Personal service of notices may be substituted for mailing provided a written
receipt of such service is provided by the recipient party.  For purposes of
this section, notice shall be deemed received upon actual receipt.


        Article Seventeen:  Entire Agreement

        This New Agreement constitutes the entire understanding among the
parties with respect to the matters referred to herein and no waiver or
modification to the terms hereof shall be valid unless in writing signed by the
party to be charged and only to the extent therein set forth.  All prior and
contemporaneous agreements and understandings between the parties with respect
to the subject matter of this New Agreement are superseded by this New
Agreement.


        Article Eighteen:  Counterparts

        This New Agreement may be executed in one or more counterparts, all of
which shall be considered one and the same agreement and each of which shall be
deemed an original.


        Article Nineteen:  Severability

        If any provision in this New Agreement is invalid, illegal or
unenforceable, the balance of this New Agreement shall remain in effect, and if
any provision is inapplicable to any person or circumstance, it shall
nevertheless remain applicable to all other persons and circumstances.
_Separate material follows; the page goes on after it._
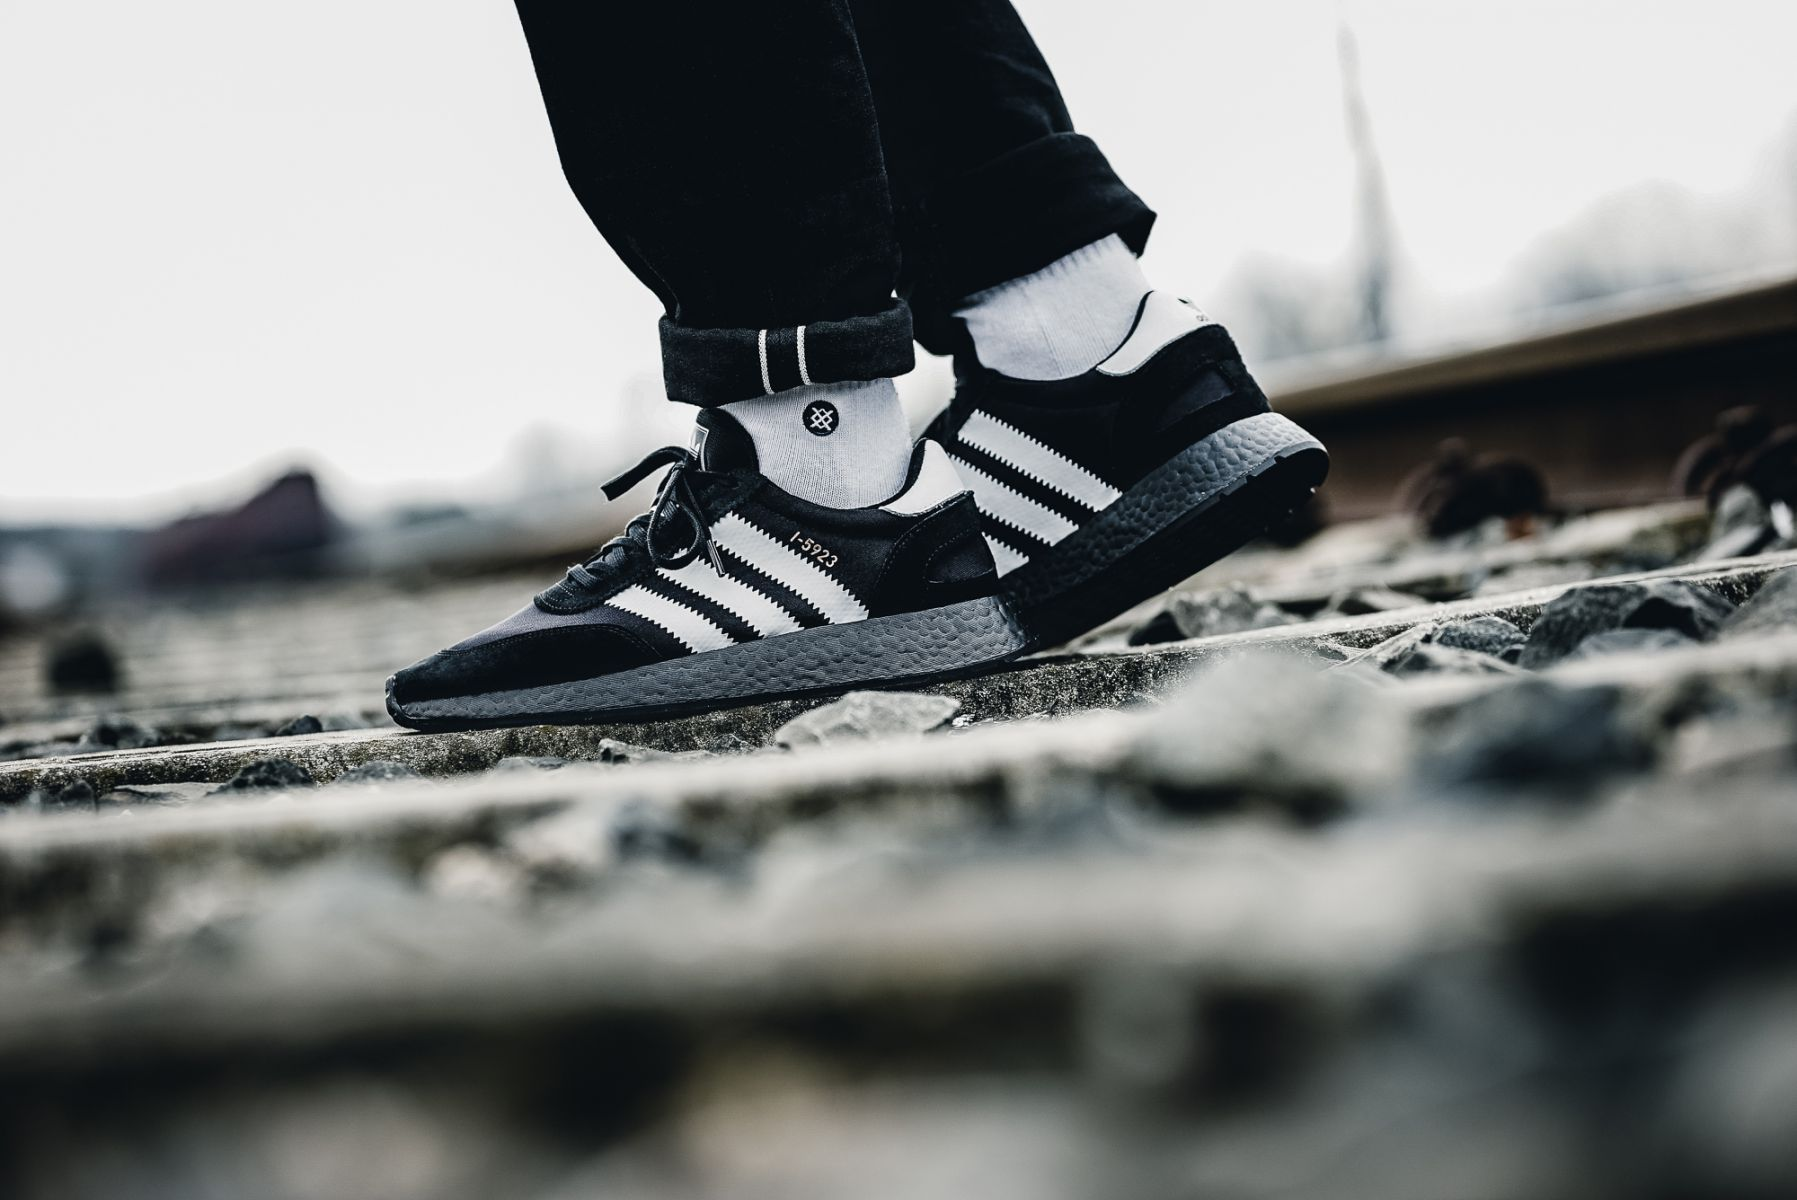 best cheap d08a3 662c0 adidas Iniki Runner Black Boost - Where to buy online. Stil, Laufen, Neue  Wege, Kicks, Silhouette, Ootd ...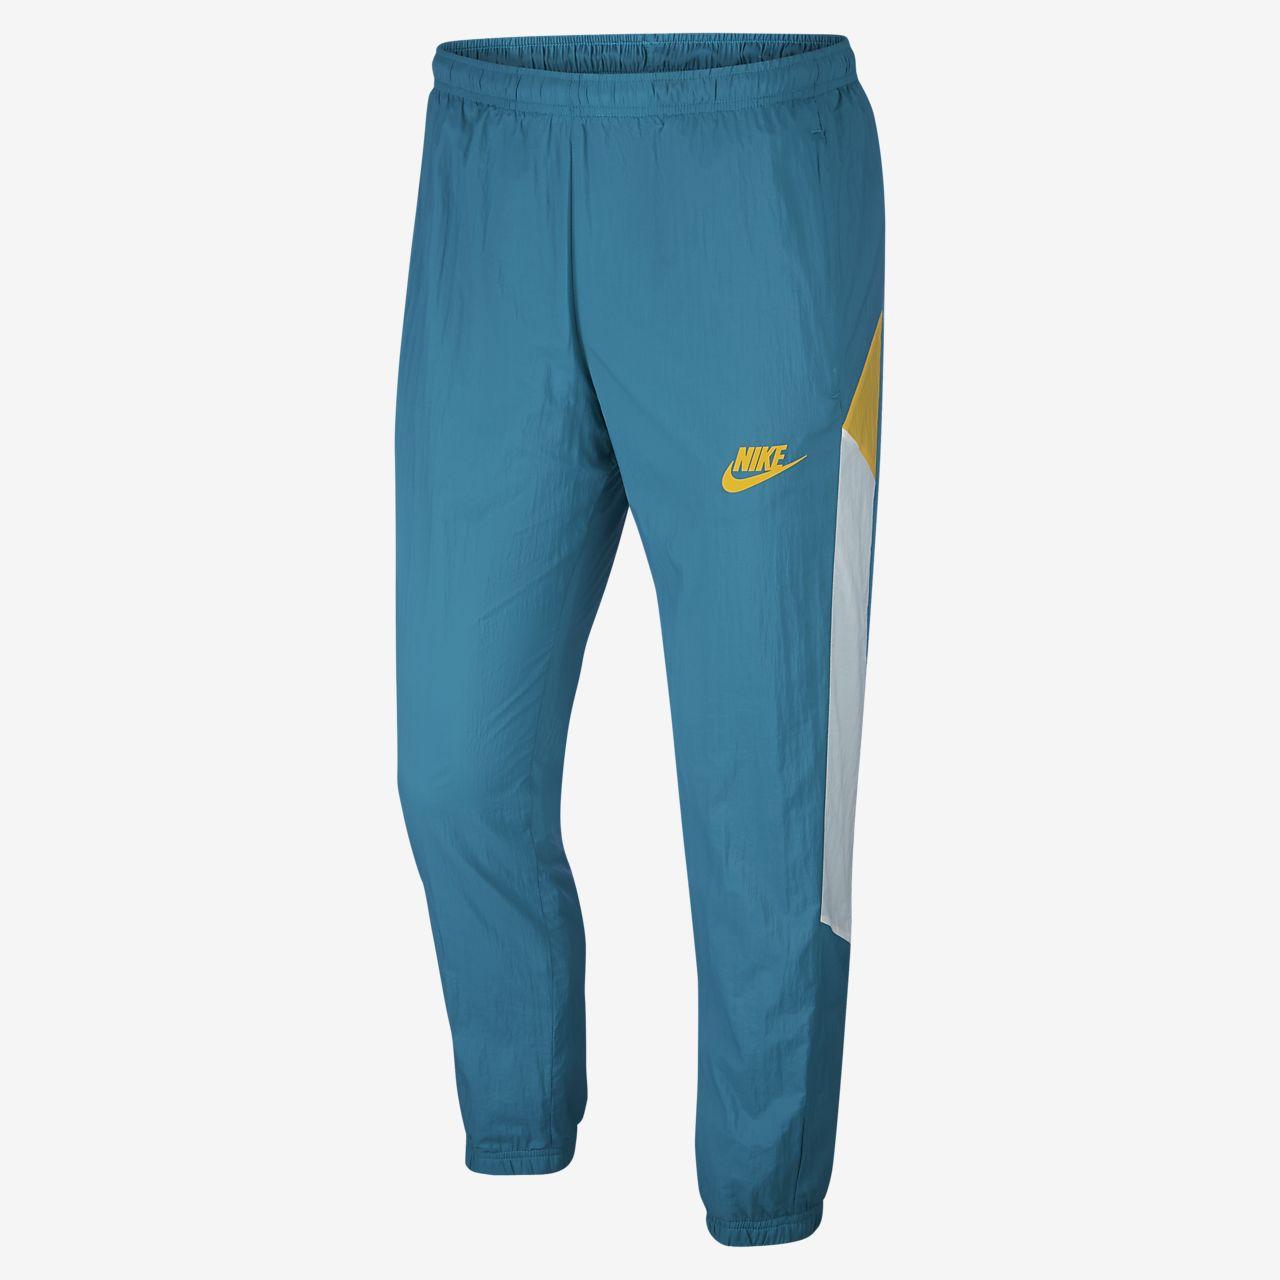 Nike Sportswear Pantalons de teixit Woven - Home

        Article Twenty:  Binding Effect

        This New Agreement shall be binding upon and shall inure to the benefit
of the parties hereto and any successor of Capsure whether by merger,
liquidation, sale of assets, reorganization or otherwise and to the heirs,
administrators and personal representative of the Employee, excepting, however,
the elective rights of the Employee pursuant to Article Ten.


        Article Twenty-One:  Withholding

        The Companies shall be entitled to withhold from amounts payable to the
Employee hereunder such amounts as may be required by applicable law.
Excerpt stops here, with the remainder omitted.